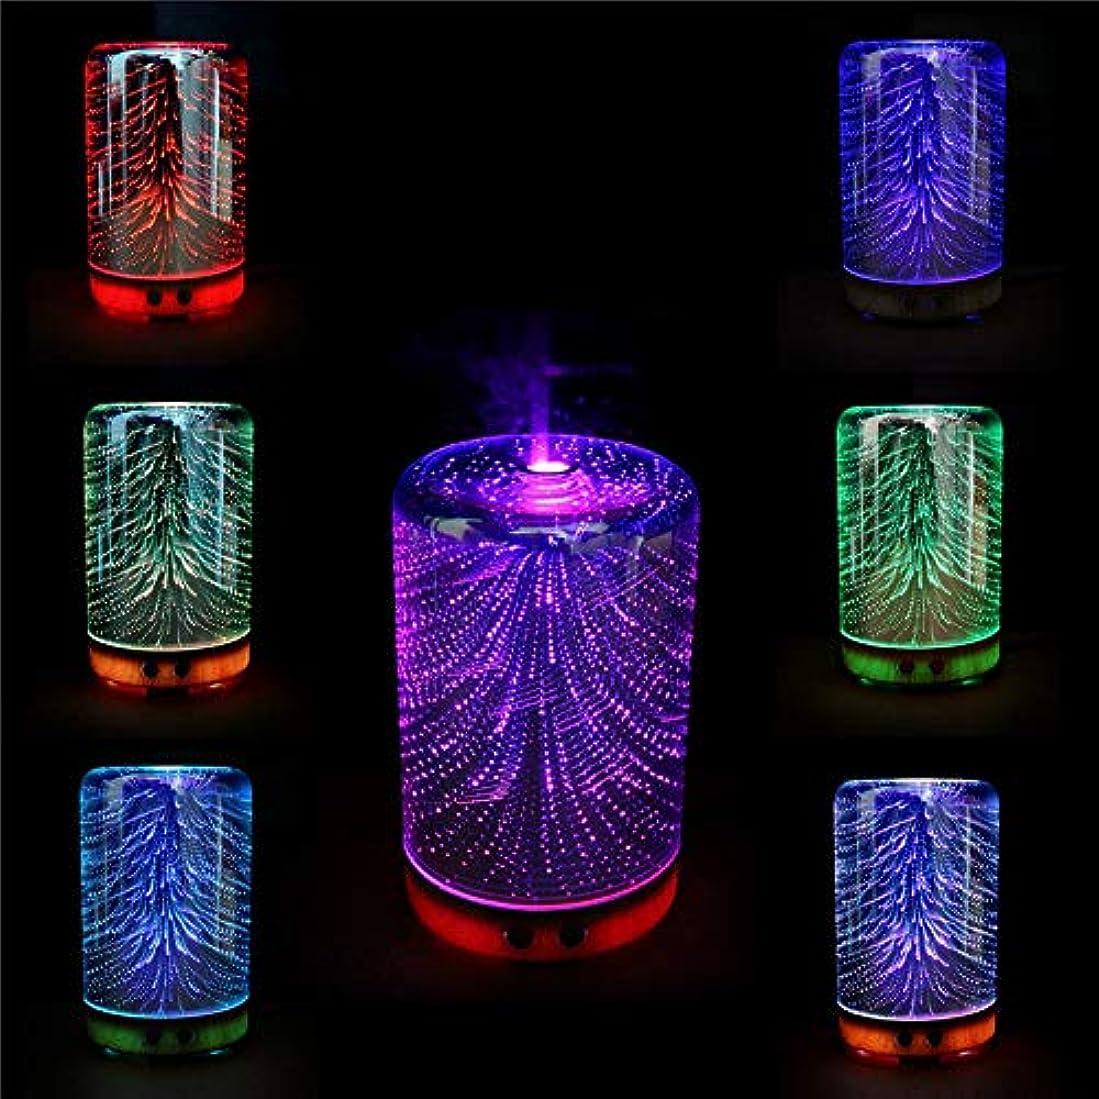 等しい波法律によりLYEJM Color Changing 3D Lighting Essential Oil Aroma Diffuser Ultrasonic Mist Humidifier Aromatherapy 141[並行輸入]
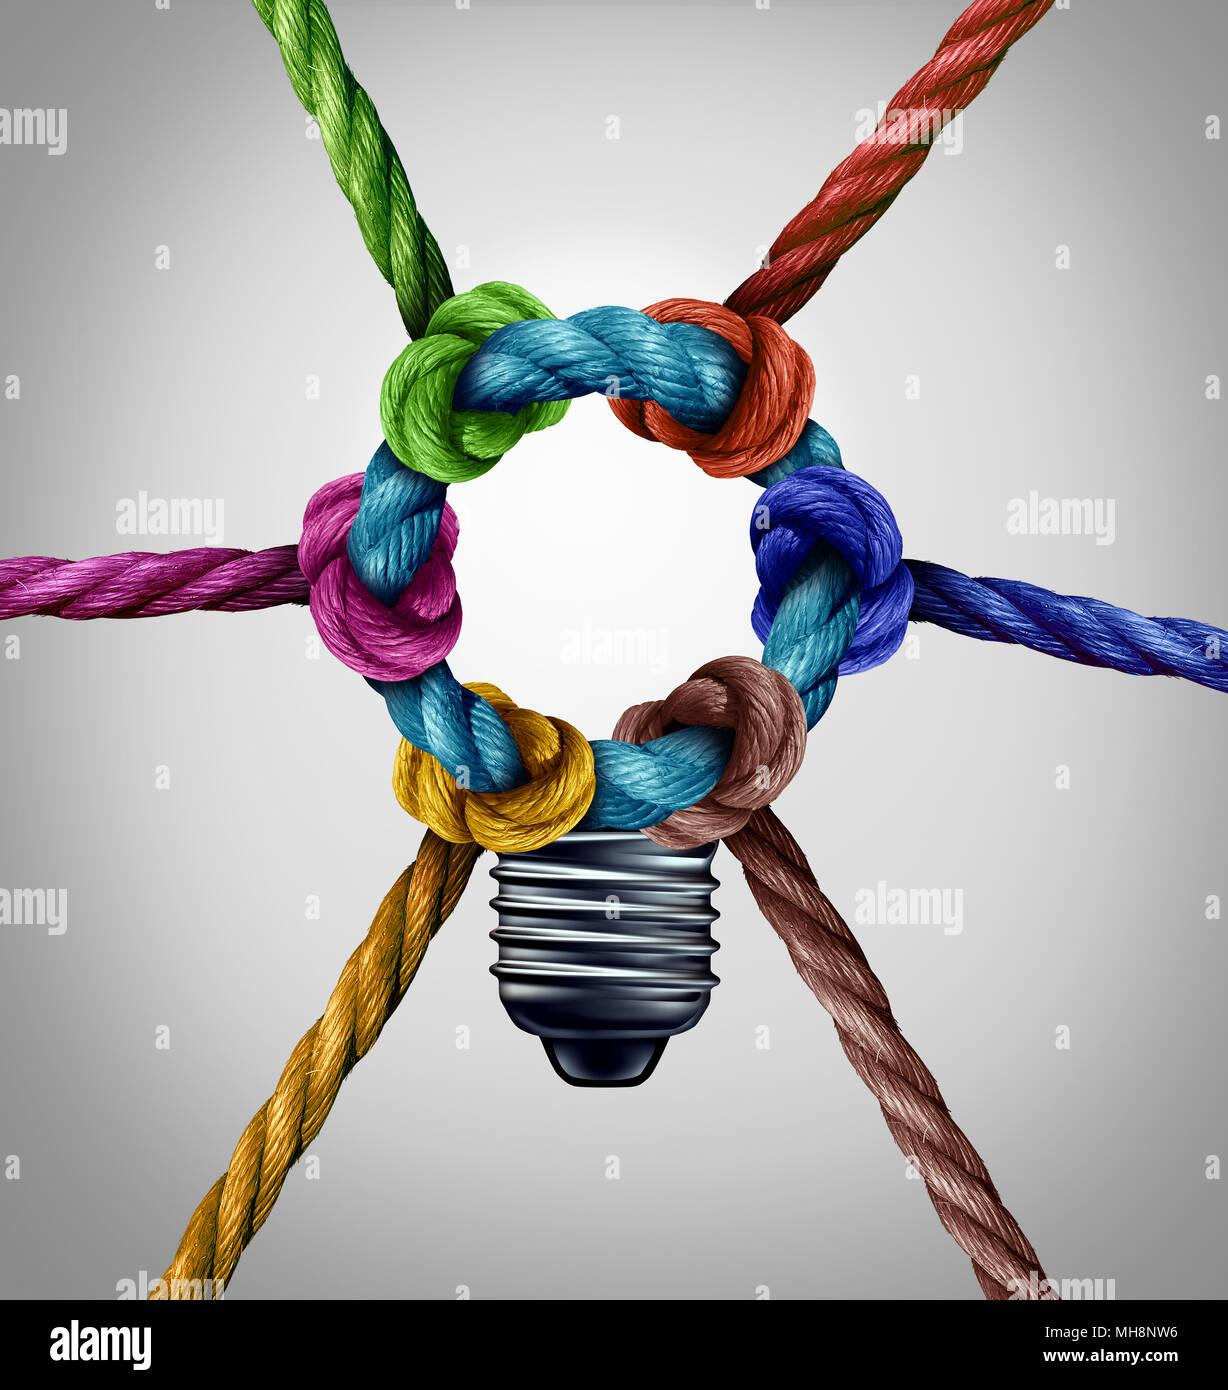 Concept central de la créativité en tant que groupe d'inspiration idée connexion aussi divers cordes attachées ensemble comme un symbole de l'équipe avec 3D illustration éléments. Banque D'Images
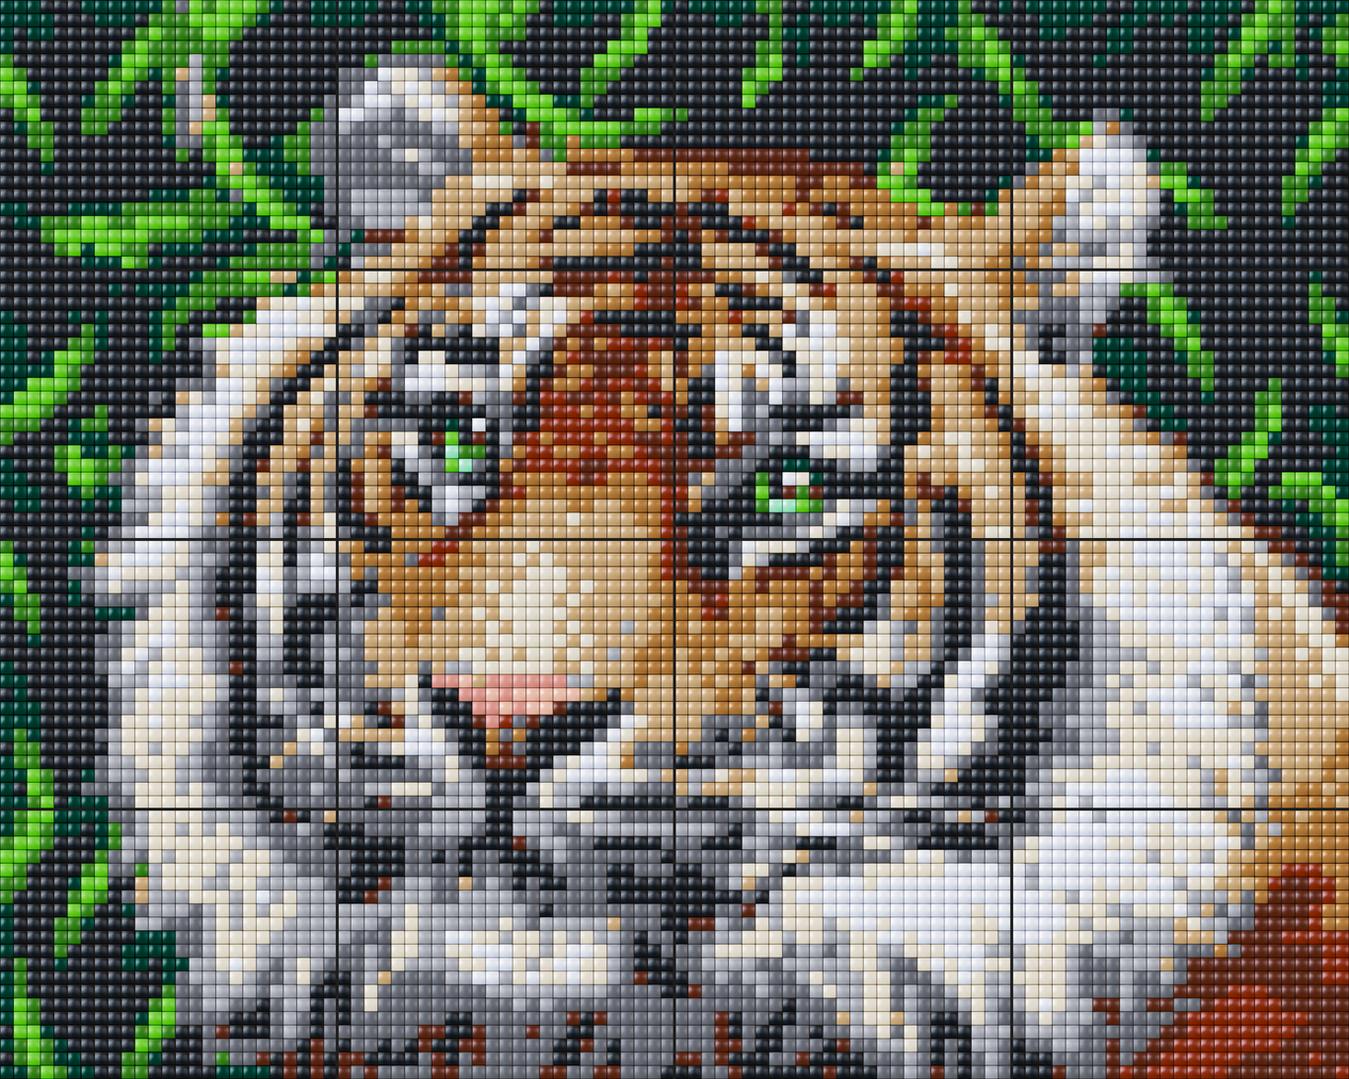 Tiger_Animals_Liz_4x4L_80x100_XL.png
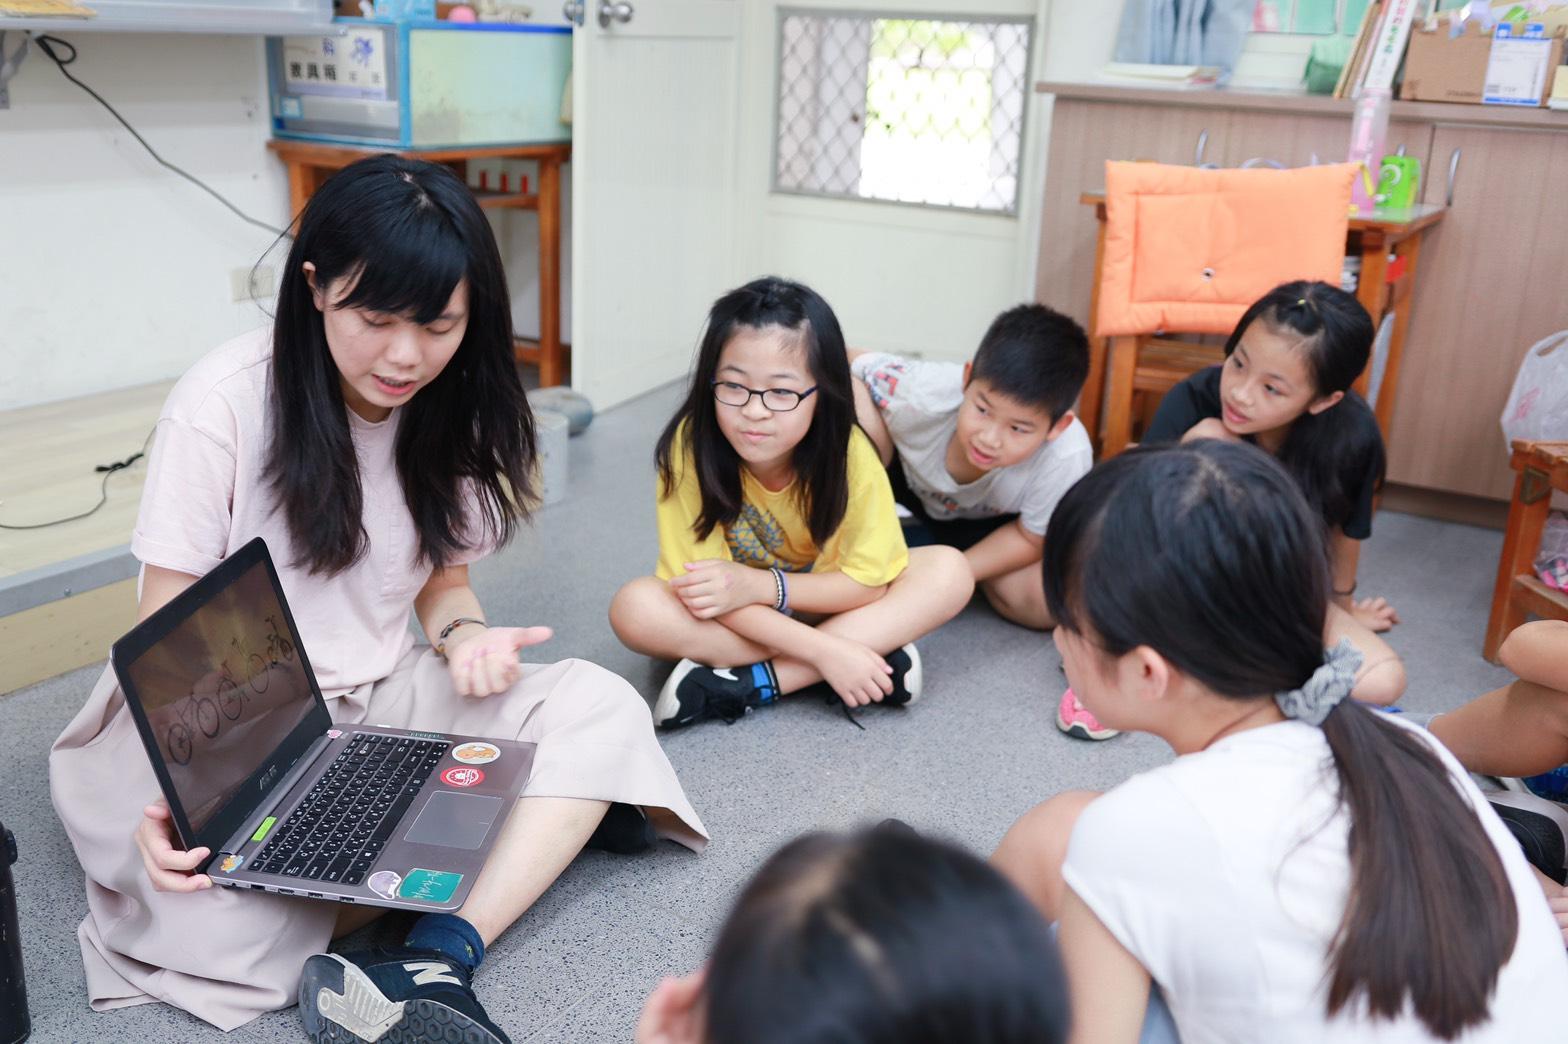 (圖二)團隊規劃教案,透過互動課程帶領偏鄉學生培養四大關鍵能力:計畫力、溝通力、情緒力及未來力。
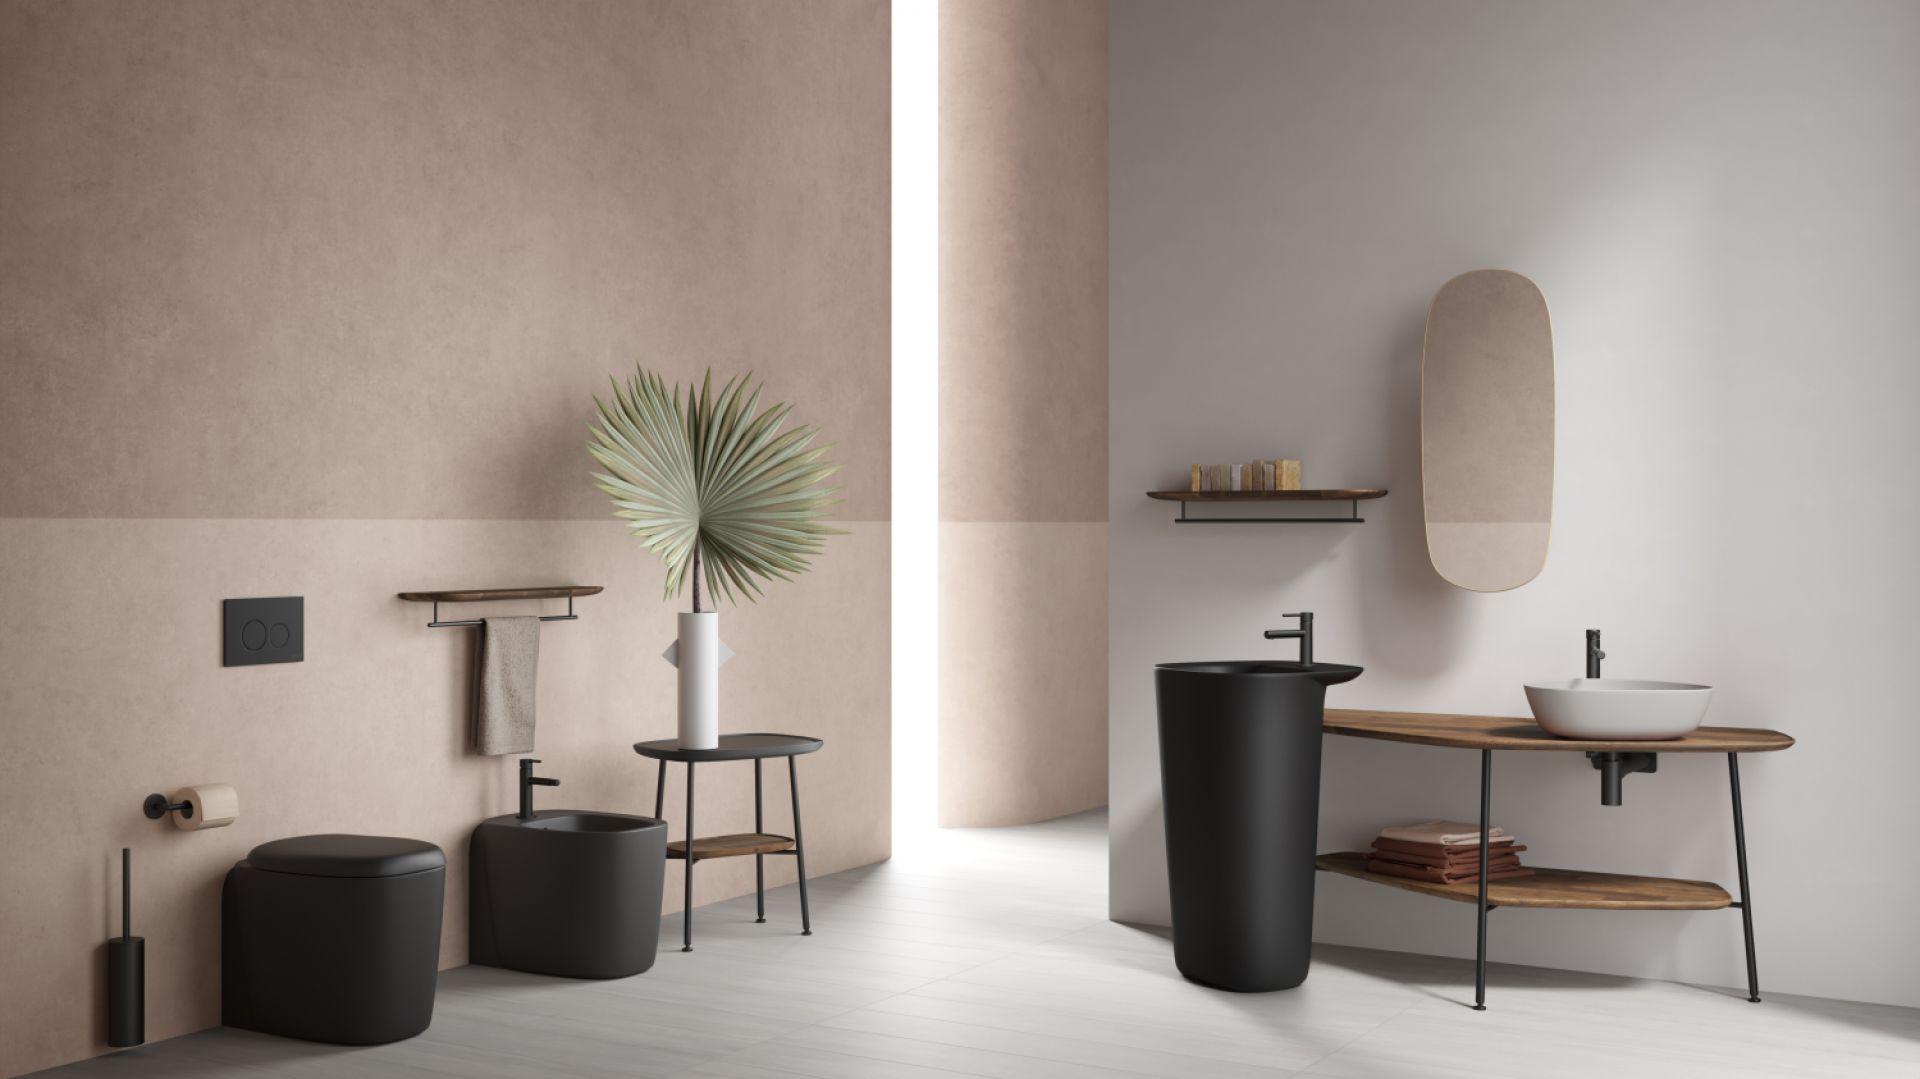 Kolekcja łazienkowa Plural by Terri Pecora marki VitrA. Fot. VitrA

GOAL OF THE EXERCISE:
Leave the images out and transcribe the remaining data above word for word.

SOLUTION FOR THIS PROBLEM:
 等しい波法律によりLYEJM Color Changing 3D Lighting Essential Oil Aroma Diffuser Ultrasonic Mist Humidifier Aromatherapy 141[並行輸入]
 Concept central de la créativité en tant que groupe d'inspiration idée connexion aussi divers cordes attachées ensemble comme un symbole de l'équipe avec 3D illustration éléments. Banque D'Images
 Tiger_Animals_Liz_4x4L_80x100_XL.png
 (圖二)團隊規劃教案,透過互動課程帶領偏鄉學生培養四大關鍵能力:計畫力、溝通力、情緒力及未來力。
 Kolekcja łazienkowa Plural by Terri Pecora marki VitrA. Fot. VitrA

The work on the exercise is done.